Opinion: The PM can ill-afford bad weeks as narratives harden
By Mark Kenny
A version of this article was originally published by The Canberra Times.
Curiosity kills cats but it is cowardice that more often strangles governments - especially social democratic ones in whom hopes start out high.
This should be a warning to Britain's new ALP-tutored Starmer government which is already pandering to the tabloids and avoiding decisions that might frighten the horses.
Things are more advanced in Australia, but not always in a good way. Friday's partial reversal of a move to exclude gender identity and sexuality in the next census, ended a week of bizarre governmental self-harm. An unforced error born of fear, woeful judgement and vaulting insensitivity.
Armed with the most flaccid argument since we were told harmful gambling ads would save free-to-air TV (seriously) Anthony Albanese's ministers had justified their retreat from a promise to LGBTQI+ Australians, as an effort to shield them from an ugly debate.
Literally no one believed this. Besides, who's in charge here? An elected government or a cast of reactionary shock jocks?
Surely if we learned anything from decades of peripheralising minorities it is that denying recognition is dehumanising. Actively doing that through exclusion from the official five-yearly survey of the population feels like wilful de-citizenship. Its unmistakeable message: "We don't count you because you don't count."
Anyway, it was Labor's cravenness that invited the heat in the end by pre-emptively kowtowing to News Corp sensibilities about galloping "wokeism".
Just six Labor MPs had the good conscience to speak out.
Even Liberals were aghast with Victoria's Keith Wolohan saying he "couldn't see the damage or the harm" in such questions, and Tasmania's Bridget Archer frustrated Labor "had created a controversy where there was none".
The unremarkable had become a hot mess. And Peter Dutton had notched up another win without saying boo.
Switching to damage-control mode, Albanese went on Melbourne radio on Friday to backtrack and to plead, in mitigation, his government had been focused on the cost of living, anyway. "We haven't sat down and gone through line by line on what questions will be asked in the census in two years' time, in 2026," he said.

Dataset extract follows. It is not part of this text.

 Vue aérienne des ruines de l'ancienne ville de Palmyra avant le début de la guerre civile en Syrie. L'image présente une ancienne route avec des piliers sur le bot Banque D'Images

One might have thought this is why we have portfolio ministers - so that more than one issue can be progressed at any one time?

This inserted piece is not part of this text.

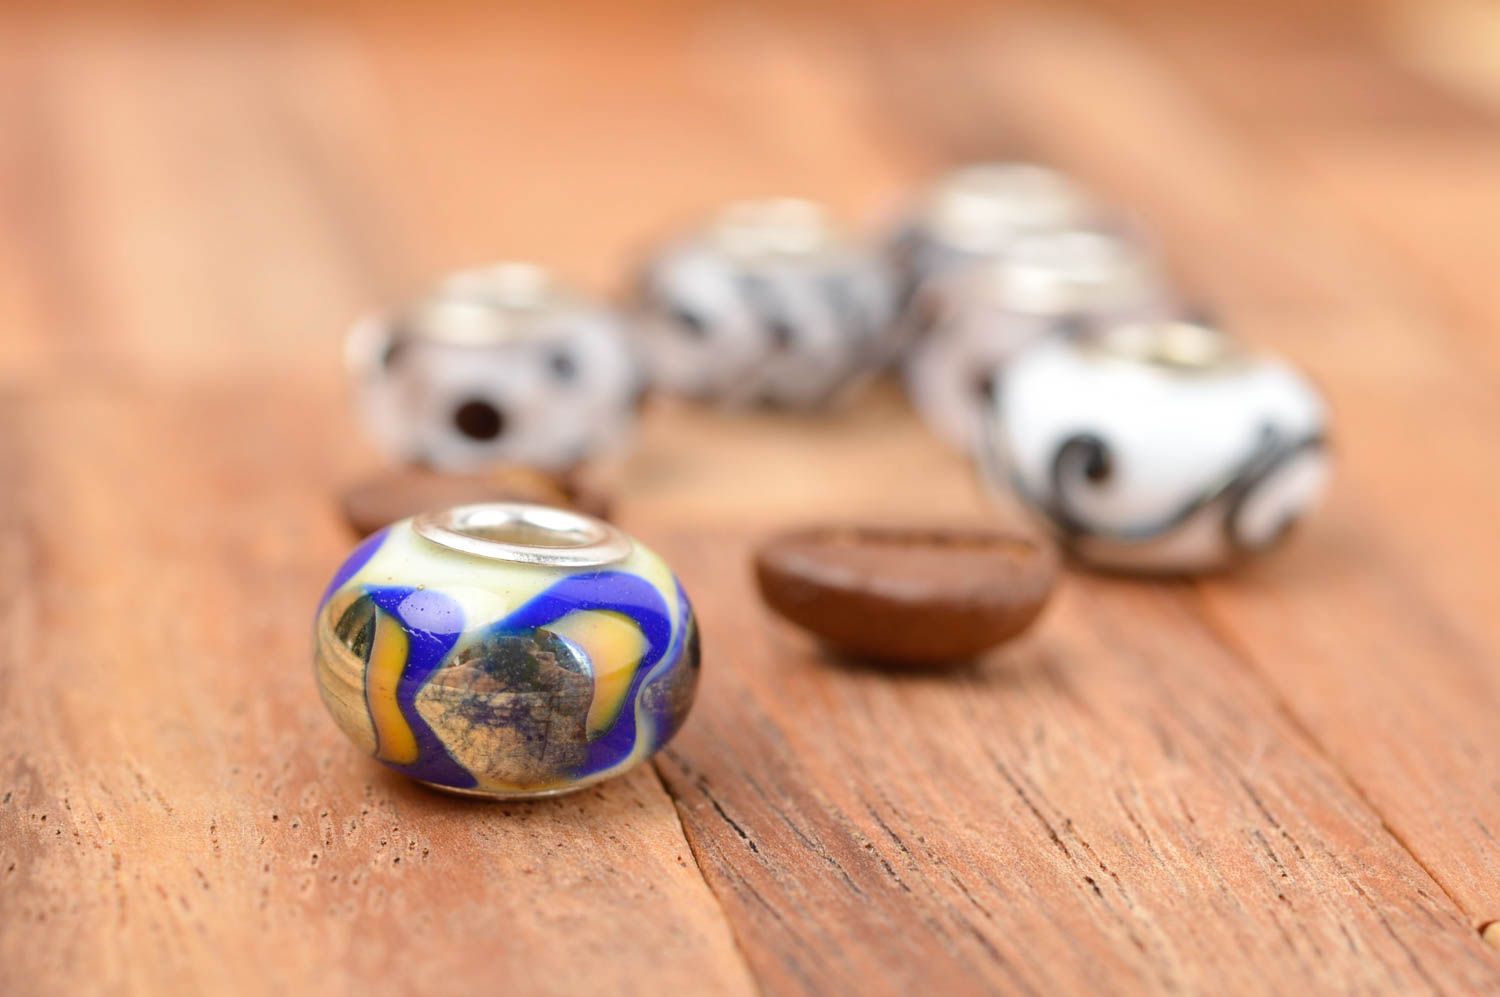 Stylish handmade glass bead jewelry making ideas art and craft small gifts photo 1

Eight months (or less) from now, we'll have found out if the flinty Dutton was as unelectable as most in Labor have assumed.
Already, though, he's done something more remarkable than scaring a nominally progressive government into quisling incrementalism. He's bullied and jawboned it into fights with its own natural constituencies. With climate activists, women, unions, universities and their students, renters, migrants, Muslims, human rights advocates, gambling reformers, and now with the Queer community.

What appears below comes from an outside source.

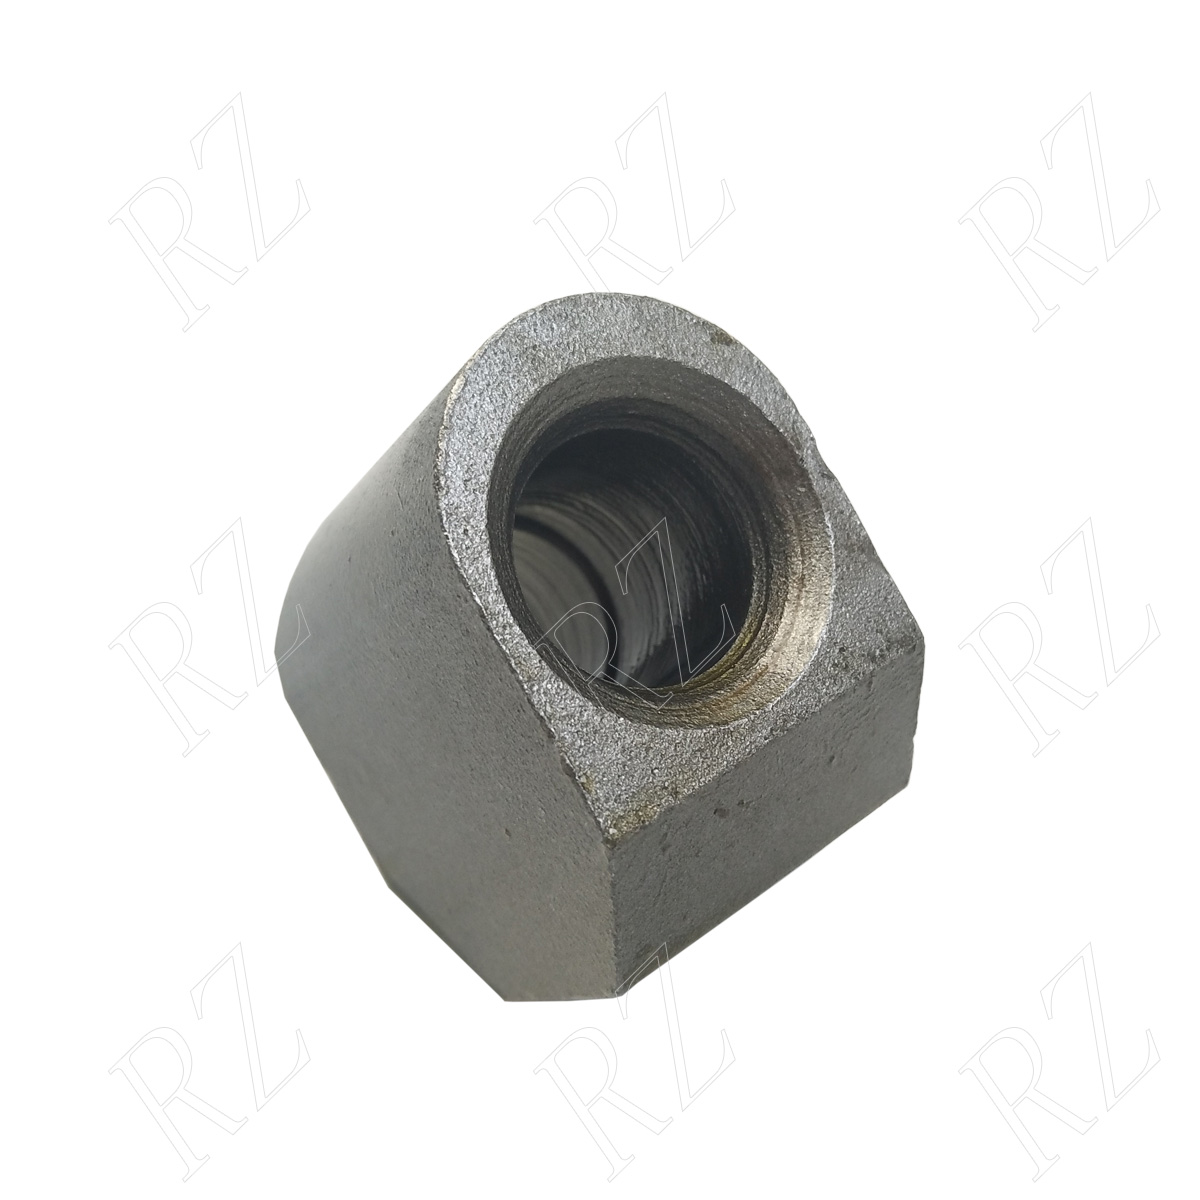 Bit holder welding block C20

In the wake of the Voice disaster, a traumatised government is jumping at shadows. How it must have stung when Dutton later claimed he wasn't even worried about the questions being included.
Belatedly, Labor is coming to realise slow and (un)steady isn't cutting it.
Treasurer Jim Chalmers dialled up the energy in a scripted speech on Monday, tagging Dutton as dangerous and the "most divisive leader of a major political party in Australia's modern history".
There's some evidence for this charge but it is still quite a call if you consider Tony Abbott's relentless negativity and the overall 'witch-ditching' vibe he engendered through 2010-13 (to wit, before he won!)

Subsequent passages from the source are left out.